## DATA EXCERPTS
★ ★ ★
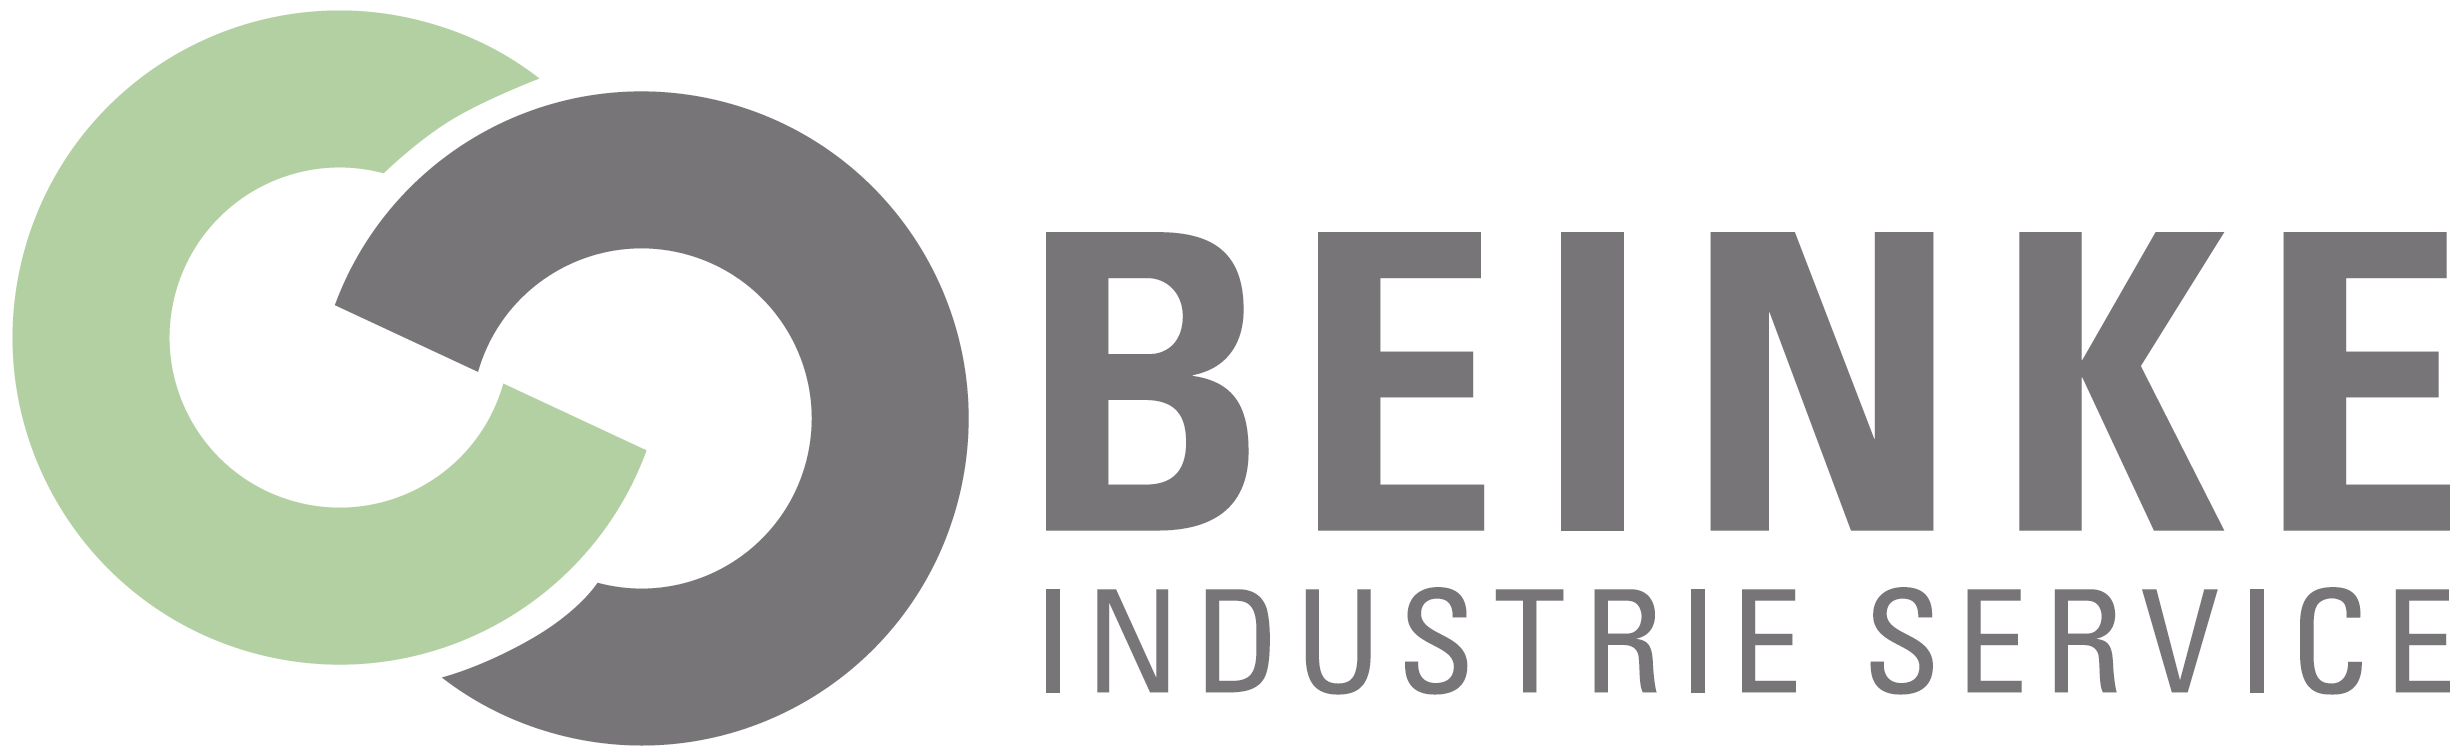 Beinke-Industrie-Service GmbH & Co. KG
★ ★ ★
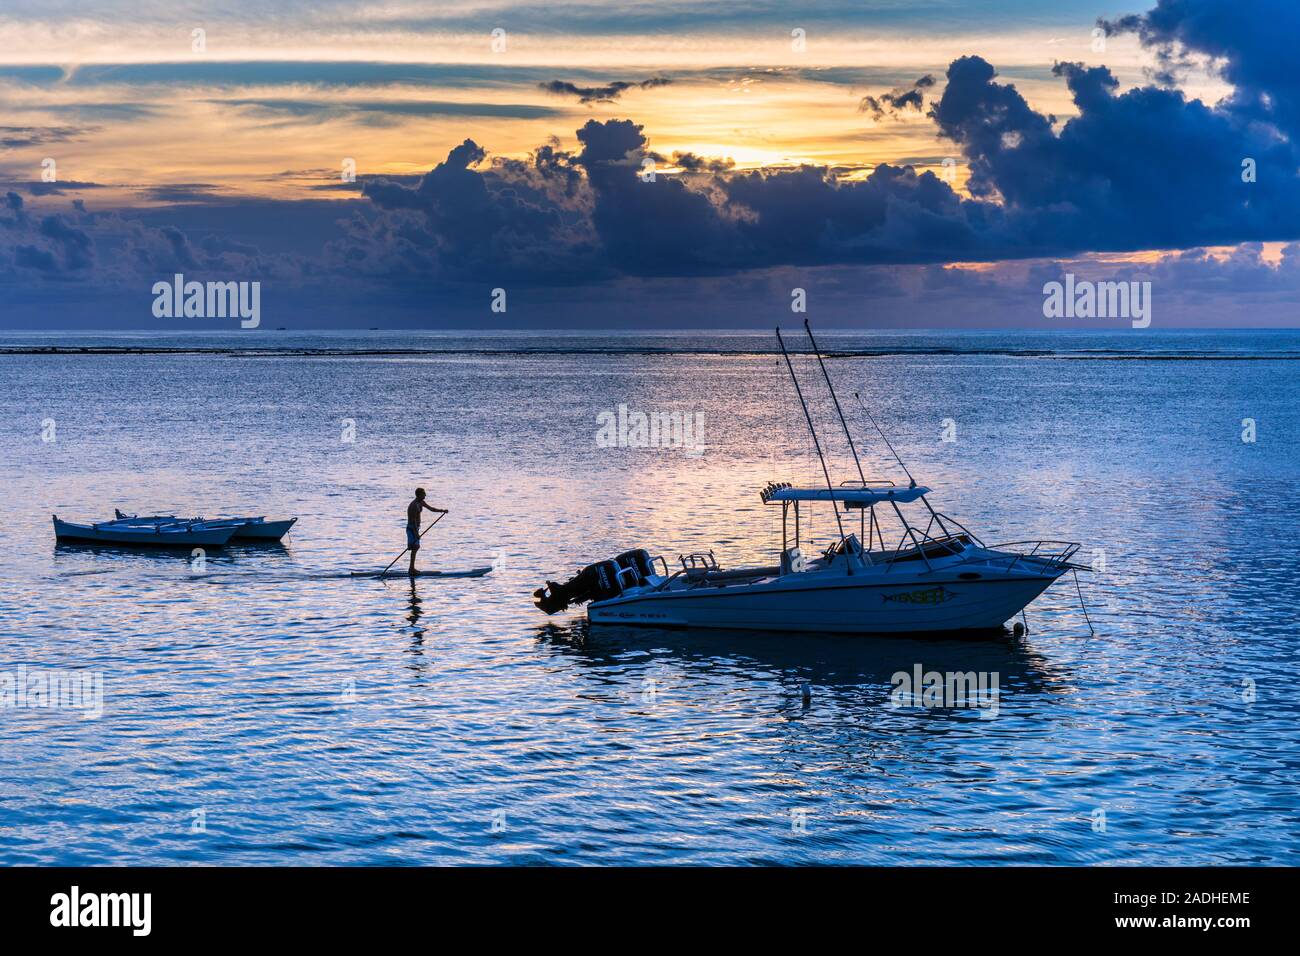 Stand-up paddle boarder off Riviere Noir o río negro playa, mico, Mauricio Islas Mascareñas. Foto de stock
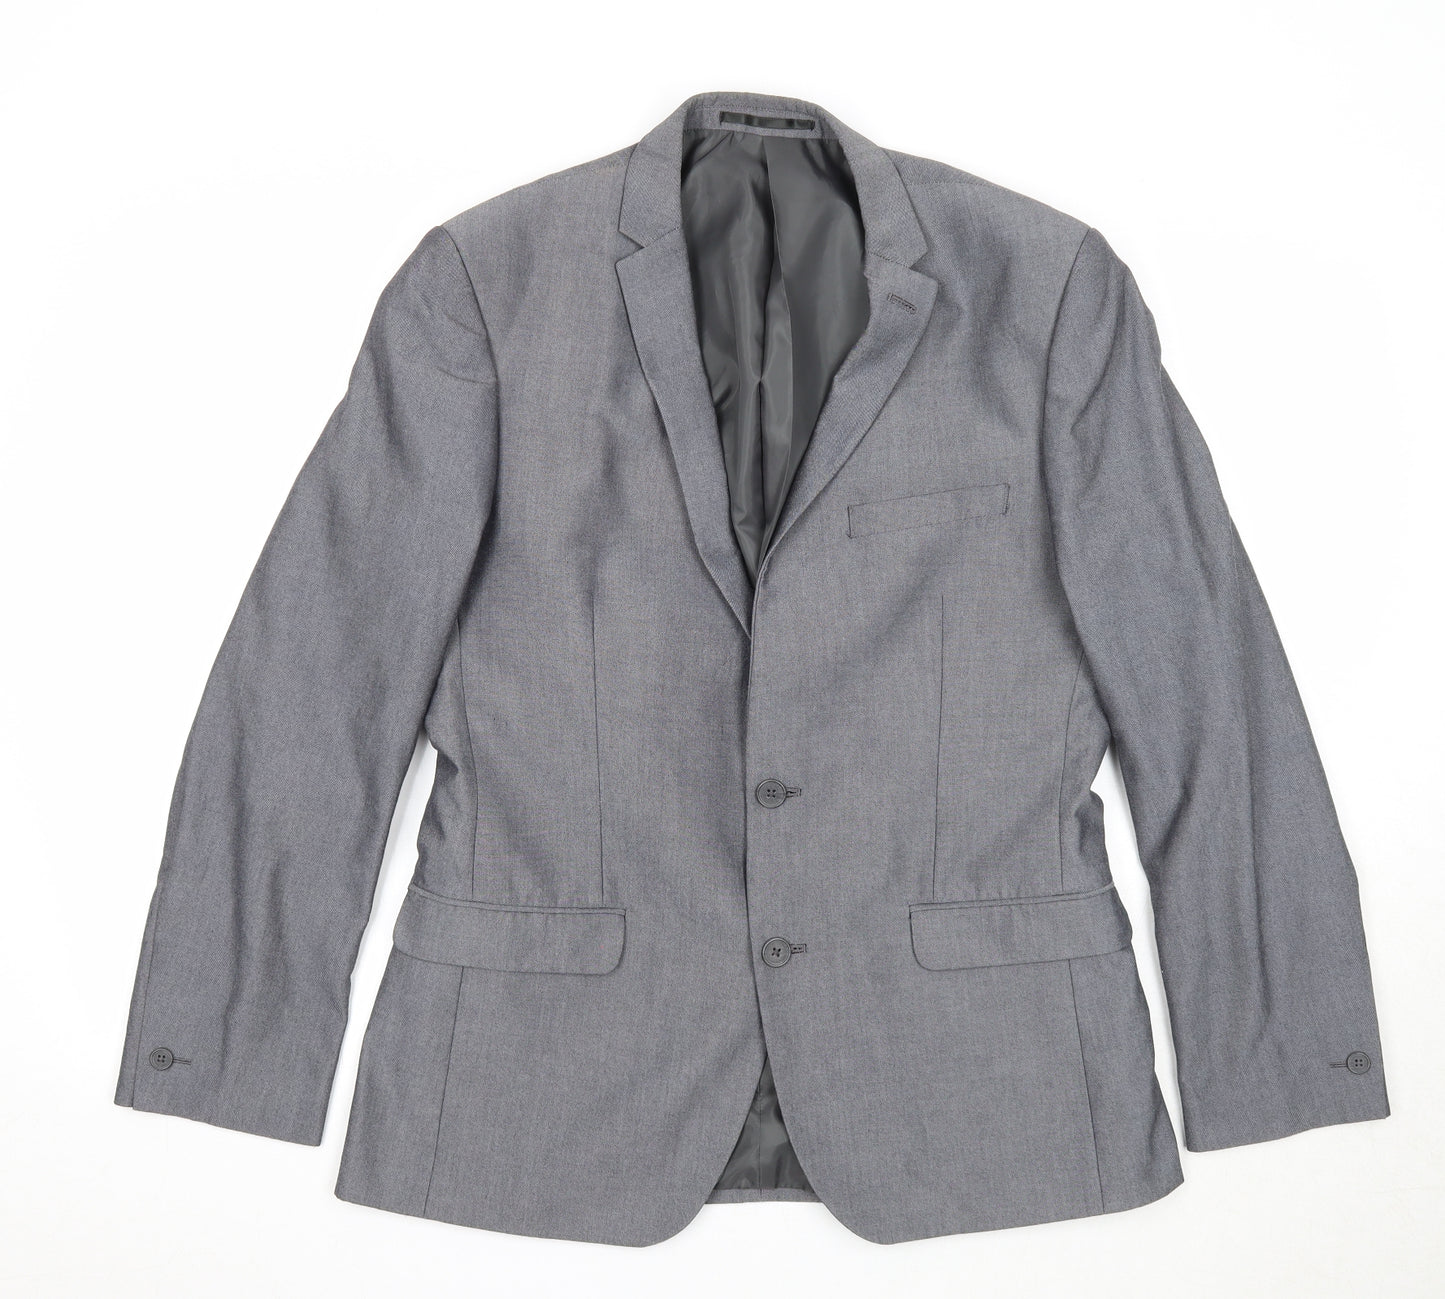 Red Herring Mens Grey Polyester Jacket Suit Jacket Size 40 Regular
★ ★ ★
## TASK DESCRIPTION
Both boundary lines included, write out word for word only the lines above from the one containing "Stand-up paddle boarder" to the one containing "Red Herring Mens", leaving out any pictures.

## OUTPUT OF THE TASK
 Stand-up paddle boarder off Riviere Noir o río negro playa, mico, Mauricio Islas Mascareñas. Foto de stock
 Red Herring Mens Grey Polyester Jacket Suit Jacket Size 40 Regular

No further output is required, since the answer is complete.